And bam! The chain works. (source) "11,12" becomes (explode) 11, becomes array('key_wrapper' => 11), which is chewed up by (iterator), passed to migration to become array('target_id'=>54,'target_revision_id'=>56), and then (extract) to be just 54.

Having written this out, this still doesn't feel quite right. It feels like explode>migration just isn't returning that correct structure, and that if somehow the combo returned

Array
(
    [0] => Array
        (
            [target_id] => 54
            [target_revision_id] => 56
        )

    [1] => Array
        (
            [target_id] => 55
            [target_revision_id] => 57
        )

)

it would work properly.

Anyways, it was important that I documented this.

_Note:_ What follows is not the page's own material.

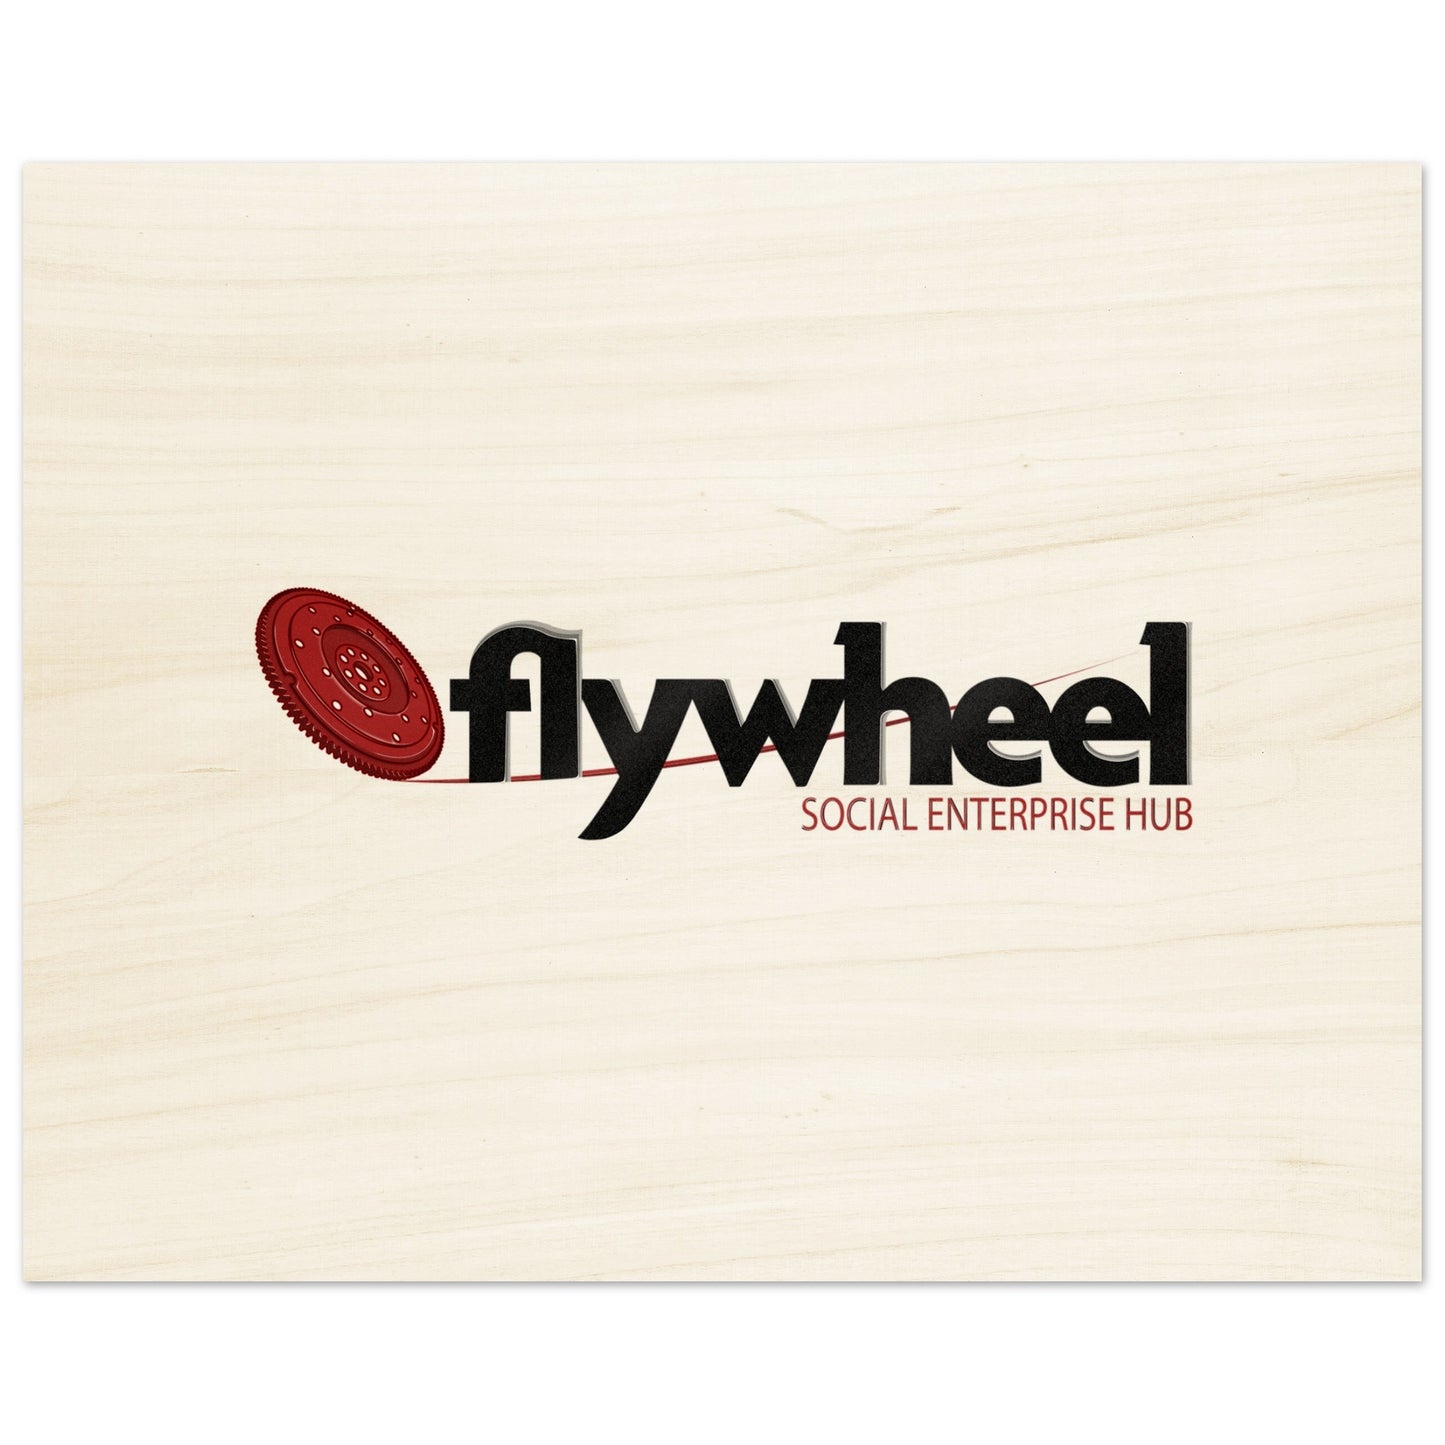 Flywheel Social Enterprise Hub - Wood Prints

It's likely I'll come back and revise this with a better solution...

Comment #4

trevorbradley commented 9 November 2016 at 22:39

I'm making some real progress here. It's possible to do this without added plugins, but it requires several patches.

#1: EntityReference migrate destination Patch #15: https://www.drupal.org/node/2809793
#2: Migrate SQL Map doesn't get array keys for compound keys Patch #14: https://www.drupal.org/node/2810907
#3: Scalar to Array Migration returns Null: https://www.drupal.org/node/2767643 (Either of my #1 or #3 patches in comments #10 and #12).

Then the simple YML file for import will work:

uuid: 88b8d4b8-0887-4dbf-884e-1d2483c3f2c0
id: import_content_test_1
label: Import Content Test 1

source:
  plugin: csv
  path: 'private://import_csv/content_test_1.csv'
  header_row_count: 1
  keys:
    - id
process:
  title: title
  body: body
  field_paragraph_test_1:
    -
      plugin: explode
      source: paragraph_test_1
      delimiter: ,
    -
      plugin: migration
      migration: import_paragraph_test_1
      no_stub: true
    -
      plugin: iterator
      process:
        target_id: id
        target_revision_id: revision_id
  type:
    plugin: default_value
    default_value: content_test_1
destination:
  plugin: entity:node

The plugins are almost perfect, and the migration plugin returns this structure to save into the node:

    [destination:protected] => Array
        (
            [title] => Title 2
            [body] => Body 2
            [field_paragraph_test_1] => Array
                (
                    [0] => Array
                        (
                            [id] => 82
                            [revision_id] => 84
                        )

                    [1] => Array
                        (
                            [id] => 83
                            [revision_id] => 85
                        )

                )

            [type] => content_test_1
        )

There is a problem here though. The SQL Key patch is returning the keys "id" and "target_id", but paragraph fields expect keys of "target_id" and "target_revision_id". Adding in the simple iterator plugin solves the problem.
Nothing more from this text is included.